Quite accidentally, I feel, Iris is two great love stories. It aims to be a memoir of a quick-witted author of British novels. Instead, it is two messy biographical notes on affliction: Kate Winslet's is her "secret world" (if you can figure it out, Hugh Bonneville -who plays her lover-to-be - would suree like to know) and Judi Dench's is Alzheimer's. Each story seems to aim to sketch out the figure, but neither of them come close to even speculating on the notion of what writer Iris Murdoch must have been like. To make matters worse, the separate stories are haphazardly edited together as if the director was just arbitrarily interlocking them - some scenes seem to connect the young Iris and her older self through common themes; other appear to have little in common apart from being in the same movie together. Somehow, miraculously, Eyre manages to sculpt two of the year's best love stories (although, admittedly, it was the year lacking not the film standing head and shoulders above its few contenders). Between the unpredictability of Winslet and the assured twittering and stammering of Bonneville, there is a spark of flirtation that grows into a flame, namely, Broadbent and Dench, him waddling and her strutting, each of them giddily adorable in their golden years, leaving us to relish each and every tickling, bad joke and puckerface.

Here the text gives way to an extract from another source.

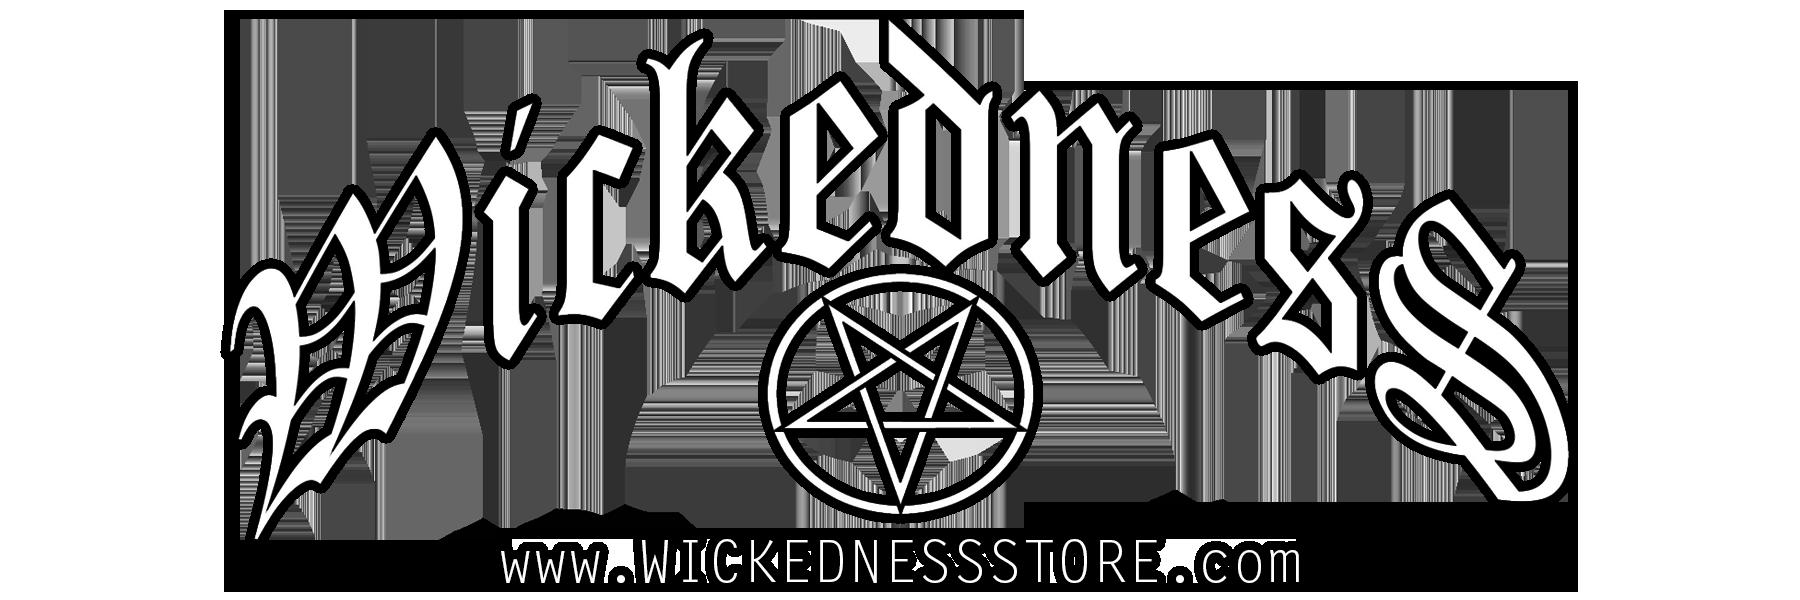 WickednessStore.com

The movie wants to represent a realistic Alzheimer's situation and the budding womanhood of an egotistical, solitary female mind which finds itself lonely for others but unable to do anything about it. What arises instead, through the wonderful (but, I wouldn't go so far as to say Oscar worthy) performances by Dench, Winslet, Bonneville and Broadbent, is a buried affection and a whimsy that everyone's too busy being serious to pay attention to.